Другой описываемый Берией эпизод связан с алкогольным дебошем в эшелоне, везшим на фронт штрафников: «7 июля на станцию Ржев Калининской железной дороги прибыл эшелон № 42857, следовавший к линии фронта. В составе эшелона находилось 700 штрафников. Начальник эшелона – капитан Шестаков и бойцы-штрафники, будучи в нетрезвом состоянии, ворвались в пассажирский поезд № 72, начали бесчинствовать, грабить пассажиров, избили и обезоружили работников милиции, пытавшихся навести в поезде порядок. Задержаны двое грабителей – Ковтыков и Бакаевич, пытавшиеся дезертировать с эшелона. Для задержания остальных преступников к месту назначения эшелона – город Невель, в Управление «Смерш» 2-го Прибалтийского фронта направлены оперативные работники».
С пьяными бойцами-штрафниками связан и такой эпизод: «22 июня на станцию Елец Московско-Донбасской железной дороги прибыл эшелон № 42633, в котором следовало 600 штрафников. Часть штрафников, будучи в нетрезвом состоянии, совершила несколько квартирных краж, на станции Елец ограбила двух граждан.
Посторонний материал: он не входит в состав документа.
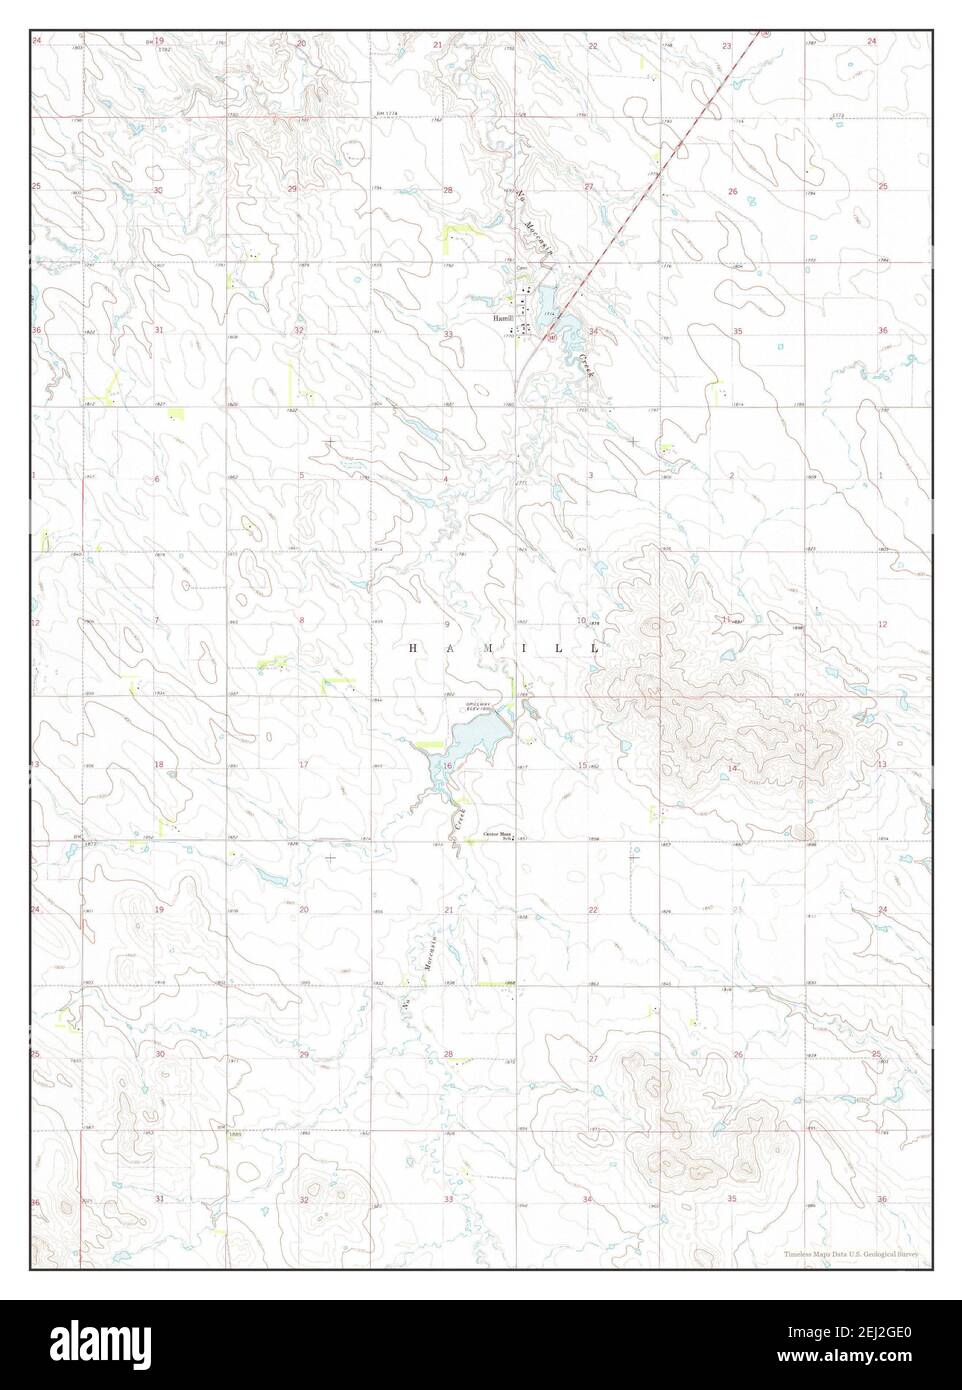 Hamill, South Dakota, map 1971, 1:24000, United States of America by Timeless Maps, data U.S. Geological Survey Stock Photo

Для задержания грабителей к эшелону последовательно прибыли: опергруппа милиции, работники комендатуры и 45 автоматчиков, выделенных по просьбе милиции начальником другого эшелона. Все они встретили сопротивление и к эшелону допущены не были. Военный комендант станции подполковник Варакса запретил применение оружия против инициаторов бесчинства и отправил эшелон со станции, в результате чего грабители задержаны не были».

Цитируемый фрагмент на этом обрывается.